In our work, we read a lot of case reports, articles, blogs and treatises on insurance. Most concern the latest legal decisions and what they mean to insurance litigation; many concern settlement procedures, buyouts and other practical aspects of pursuing claims against insurance companies.

But, very few, if any, are written from the point of view of the plight of the actual policyholder – the person whose righteous claim has been denied. What goes on in the mind of the person who truly believes he or she has met the requirements to obtain benefits, but is blindsided when the insurer turns down the claim?

And, when we say “met the requirements”, it means that some kind of personal disaster has befallen the policyholders, usually affecting the very basic elements of their lives. After all, people usually don’t buy personal insurance except for life, health, disability income and similar life-altering happenings.

How do these people cope?

First and foremost, if they have a disability which prevents them from working and bringing home a paycheck, they need financial support for food, medication, ordinary living expenses for their families. This should be understood by everybody. All of an insured’s time and energy go into keeping body and soul together for the family.

The stress created by such a situation can be overwhelming even for a healthy person. For people suffering from a physical or mental disability severe enough to prevent them from earning a living, the stress is devastating. Pile a questionable insurance company claim denial on top of this package of woes and the outlook is even grimmer for the claimant.

The point we are driving at is that everyone involved on the claimant’s behalf must be very aware that the claimant needs some TLC from the people in their corner, even if those people are not in the habit of offering TLC.

Doctors and lawyers are accustomed to being deferred to in their everyday practices and are, maybe, due some acknowledgement for their importance in many people’s lives. But, when it comes to denied insureds whose very financial future and wellbeing are threatened, they must find some extra TLC to help carry the people they serve through the crisis.

As busy as professionals are, we have to find that little extra bit of time to take a call personally and talk to a client or patient when the world seems at an end to them.
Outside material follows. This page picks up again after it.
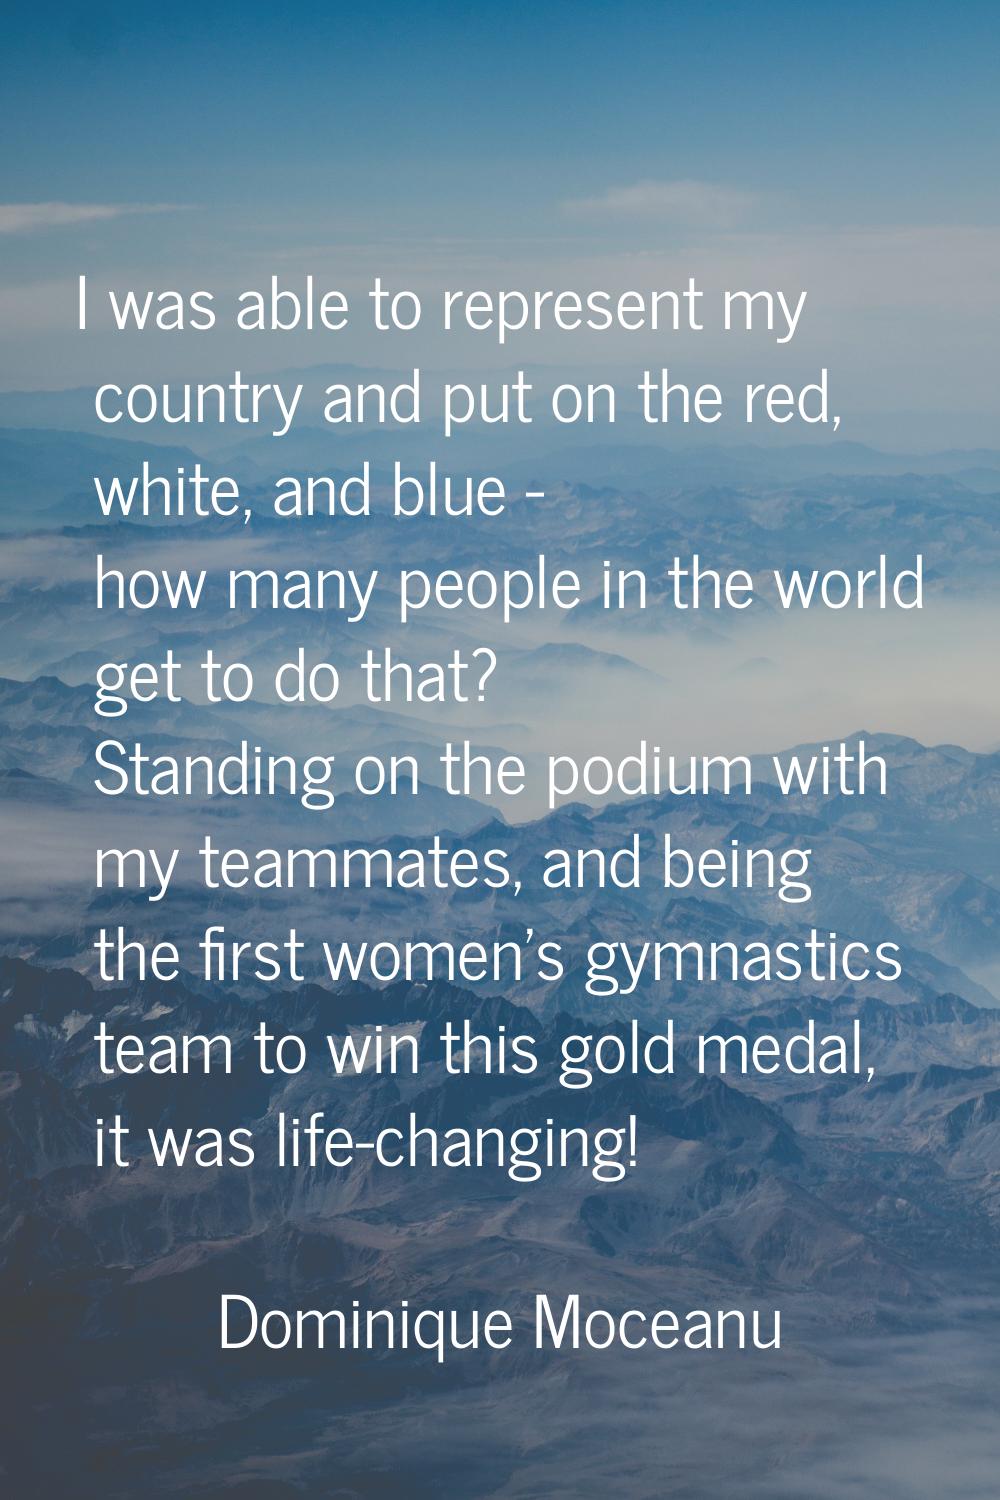 I was able to represent my country and put on the red, white, and blue - how many people in the wor

Such a sign of their doctor’s or lawyer’s particular interest in their case may do much to help give them the strength to go on.

From the denied claimant’s point of view, the situation is extreme. No job, no money and only one hope – that the lawyer and the doctor will be able to get the insurance company denial turned around. This is a large responsibility calling for skill on the part of the professionals to get the job done.

The extra effort we are calling for here is not in a professional sense. Doctors and lawyers, as a class, go all out professionally for their clients and patients in all matters. The extra effort required for denied insurance claimants is for the professional to be understanding and supportive through the claimant’s tough time. Find the time and energy to give a little TLC.

Being aware of the stress your client or patient is suffering is half the battle. Doing what you can to alleviate the stress is the other half.